For now, the EU is “determined to stay the course” and continue its efforts to cut deficits across the 27-nation union, while also honoring commitments made to Greece, Van Rompuy told reporters yesterday before the Group of Eight summit. At the same time, he defended the EU’s ability to take further actions as necessary.
“We will do whatever needed to guarantee the financial stability of the euro zone,” Van Rompuy said, speaking at Camp David, the presidential retreat outside Washington.
The European leaders will need to reassure their G-8 counterparts that they are doing enough to contain financial turmoil that has spread from Greece to Ireland, Portugal and Spain. Almost $4 trillion was wiped from global equity markets this month amid speculation that Greece will exit the euro, and recession and loan losses led Moody’s Investors Services May 17 to downgrade 16 Spanish banks.
The G-8 includes the U.S., Canada, the U.K., Germany, France, Italy, Japan and Russia. The EU also has two seats. Barroso said the euro area has consistently taken whatever actions are needed to deal with the crisis, overhauling its economic governance and changing course when necessary.
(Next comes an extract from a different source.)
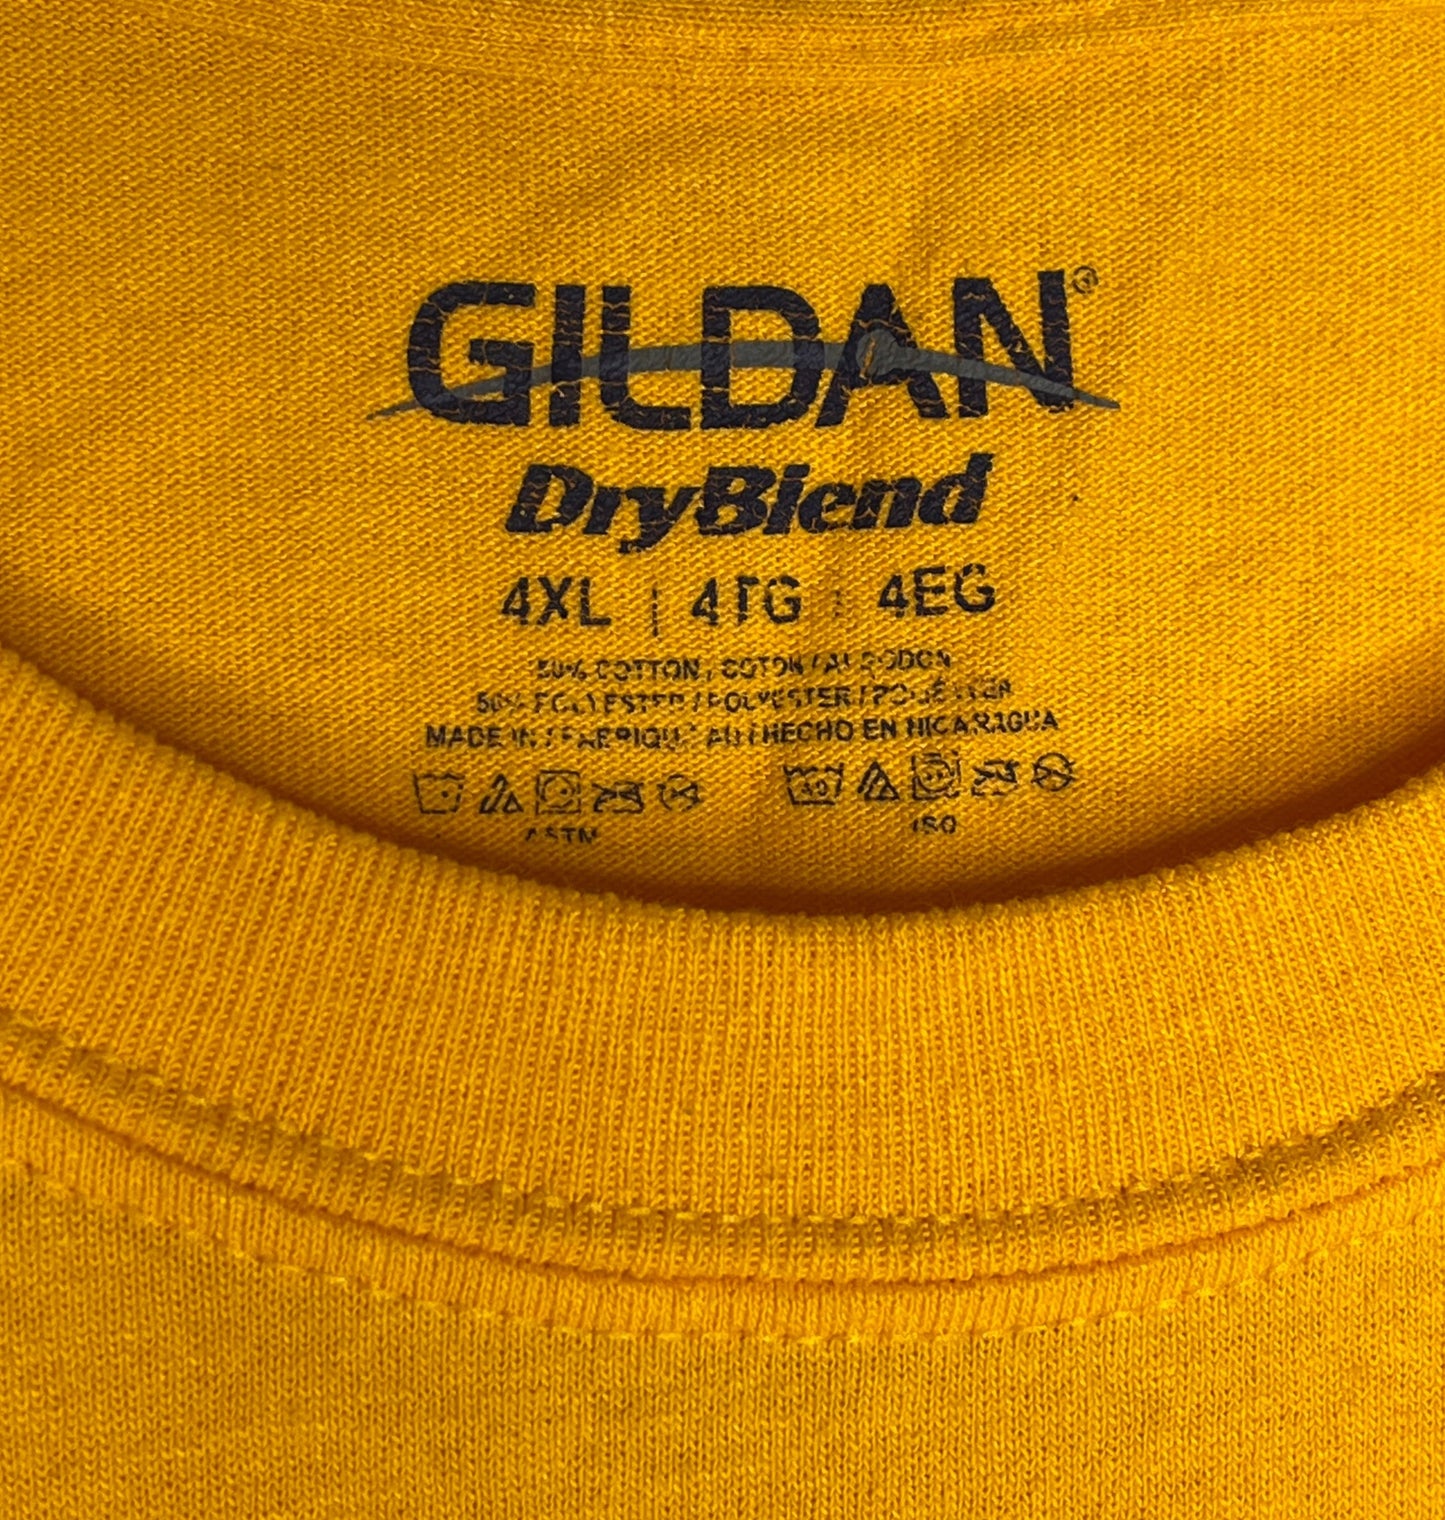 Gildan MEN'S T-Shirt Yellow, Red Size 4XL SKU 000447

“Sometimes these efforts are underestimated,” he said at the Camp David news conference. For example, he said, the euro area created the 500 billion-euro ($639 billion) European Stability Mechanism, a rescue fund that is due to start in July, as part of the bloc’s financial firewall.
“That was completely unthinkable two years ago, and it was done in the middle of the crisis,” Barroso said.
EU leaders will press forward on efforts to jump-start economic growth at a May 23 dinner in Brussels, followed by a formal summit in June. Barroso said the group aims to move ahead with proposals to strengthen the European Investment Bank and to make investments to spur job creation.
“Plan A” is for Greece to stay in the euro zone, Barroso said, declining to discuss planning around other scenarios. At the same time, the leaders said Greek authorities need to keep meeting the EU’s aid conditions as they seek to form a government.
“As regards Greece, I do not hide my concern about the current political uncertainty,” Van Rompuy said. “Continued reform is the best guarantee for the Greek economy and for the future of the Greek people in the euro area.”
Van Rompuy said that Spain and Italy are making progress on efforts to shore up their economies. “I am confident they will succeed,” he said.
The EU leaders also will talk with President Barack Obama about whether there will be any need to tap strategic petroleum reserves to combat potential spikes in oil prices. The subject is being discussed as the U.S. and its allies prepare for the imposition of an EU embargo on Iranian oil that’s set to begin July 1.
Crude oil for June delivery fell $1.08 to $91.48 a barrel on the New York Mercantile Exchange, the lowest settlement since Oct. 26. Prices retreated 4.8 percent this week, and are down 7.4 percent this year.
“If there is a major risk, we are supporting the idea that something can be done,” Barroso said. “If there are high and volatile prices of oil, they could have a negative impact on the economic prospects globally.”